Sports Night is an American television series about a fictional sports news show also called Sports Night. It focuses on the friendships, pitfalls, and ethical issues the creative talent of the program face while trying to produce a good show under constant network pressure. Created by Aaron Sorkin, the half-hour prime time comedy-drama[1] aired on ABC for two seasons, from 1998 to 2000.

The show stars Robert Guillaume as managing editor Isaac Jaffe, Felicity Huffman as executive producer Dana Whitaker, Peter Krause as anchor Casey McCall, Josh Charles as anchor Dan Rydell, Sabrina Lloyd as senior associate producer Natalie Hurley, and Joshua Malina as associate producer Jeremy Goodwin. Regular guest stars included William H. Macy as ratings expert Sam Donovan and Brenda Strong as Sally Sasser, the producer of West Coast Update (another show on the same network as Sports Night) and rival of Dana. Other notable guest stars included Paula Marshall and more than one who appeared later on Sorkin's The West Wing including Janel Moloney, Teri Polo, Lisa Edelstein, Alanna Ubach, and Clark Gregg.



The fictional Sports Night is a sports news program in the style of ESPN's SportsCenter.[2] It broadcasts from the fictional Continental Sports Channel (CSC), a subsidiary of Continental Corp, owned and run by Luther Sachs. In an early season 2 episode, Dan mentions that their offices and studio are in Rockefeller Center (however, exterior shots show 345 Park Avenue). The show is said to be a semi-fictional account of the SportsCenter team of Keith Olbermann and Dan Patrick, with Rydell representing Olbermann and McCall representing Patrick. Patrick has confirmed this on his syndicated radio program The Dan Patrick Show. It's also been said that many of the story lines for Casey McCall were inspired by Craig Kilborn, who was an anchor on SportsCenter during the late 90s.

Sports Night struggled to find an audience and ABC cancelled it after two seasons. Although it had the opportunity to move to several different networks, including HBO, Showtime and USA, Sorkin decided to let the show pass so that he could focus on his popular drama The West Wing[citation needed]

Although the first season of Sports Night is a sitcom, it often is portrayed as more of a comedy-drama representative of some of Sorkin's later work on The West Wing. Sorkin intended for the series' humor to be drier and more realistic than typical sitcoms.
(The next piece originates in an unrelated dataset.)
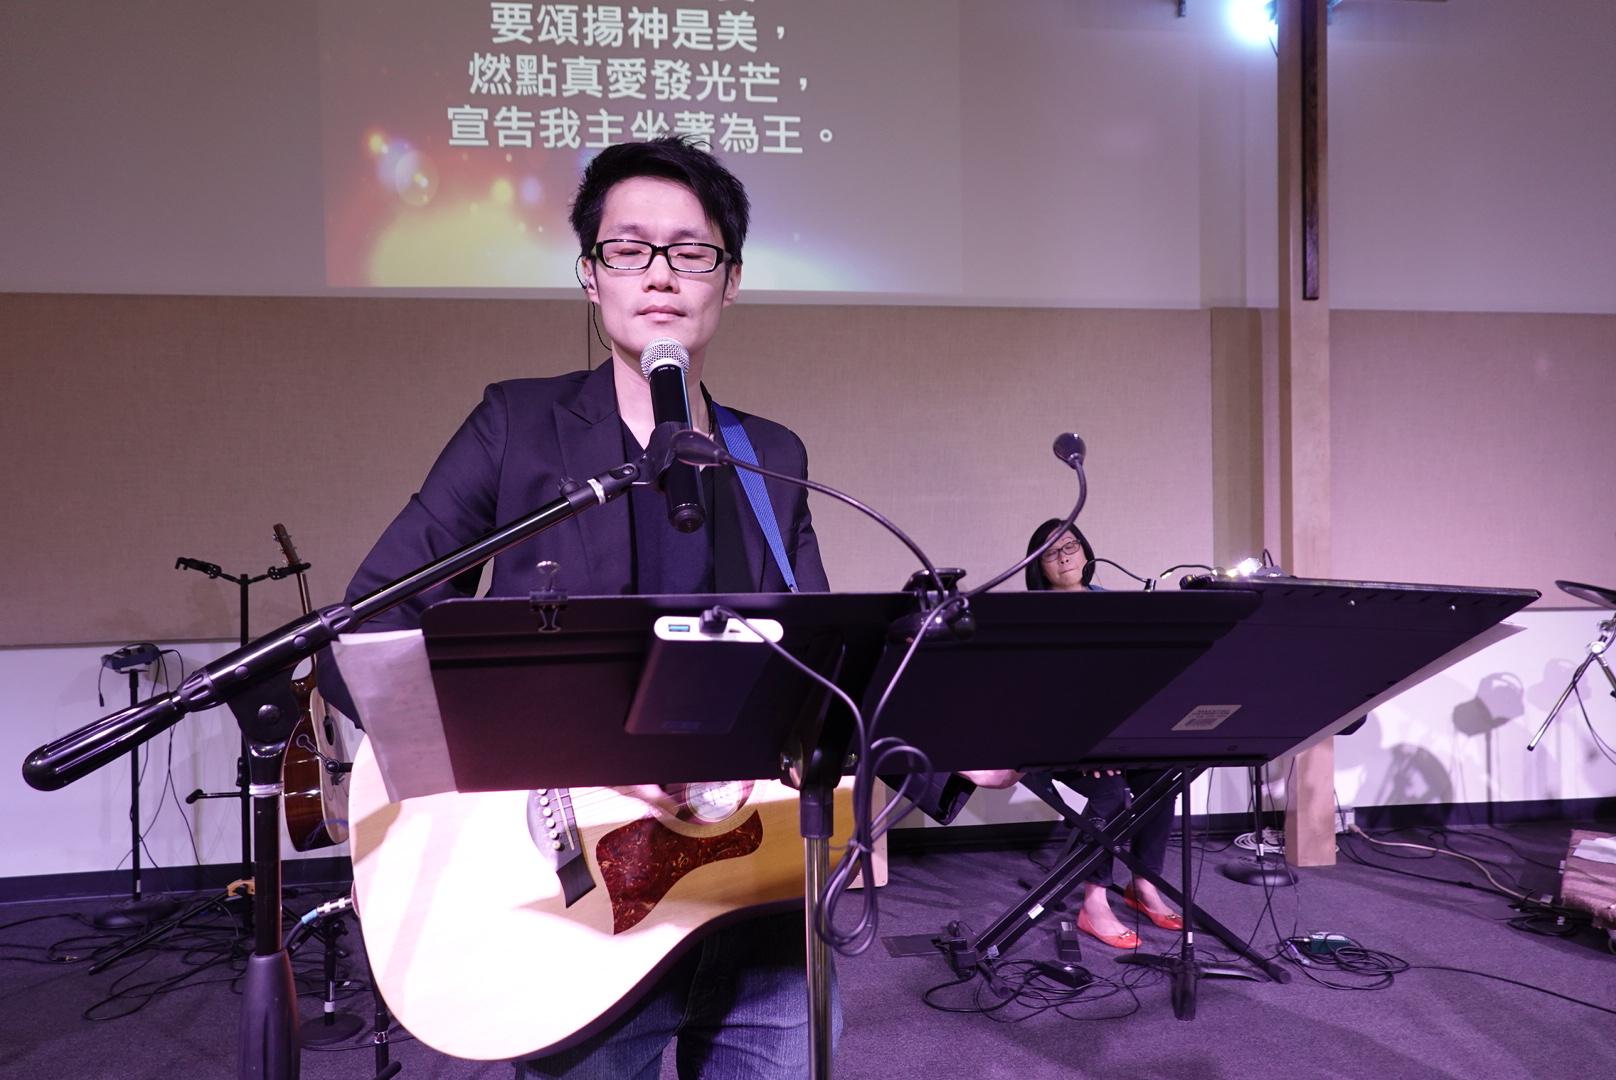 Author: David Cheung

He initially wanted the show to be recorded without a laugh track, but ABC network executives insisted on including one.[3][4] The volume of the laugh track faded as Season One continued[5] and was abandoned at the beginning of Season Two.[6]

The dialogue is often delivered at a rapid-fire pace and intentionally exposes many aspects of communication that go beyond the words that are spoken. The show also frequently employed a technique known as "Walk and Talk", where the characters are walking from one location to the next while in conversation. This is another characteristic of Aaron Sorkin shows as "walk and talks" are used quite frequently in The West Wing and Studio 60 on the Sunset Strip. A number of similar themes, elements and actors carried over from Sports Night to The West Wing (and later Studio 60 on the Sunset Strip).[7][8][9]

The show's main focus is the relationships between the characters. These include an off-again on-again flirtation and romance between Dana and Casey, the partnership of Natalie and nerdy Jeremy, and Dan's ongoing problems with relationships in general. The character of Isaac Jaffe hovers over his staff as a benevolent but uncompromising father figure.

The show is mostly set in the studio and station offices. However, in the second season Anthony's, a local sports bar and restaurant, was introduced as another location for scenes in order to get the characters out of the work environment a little bit.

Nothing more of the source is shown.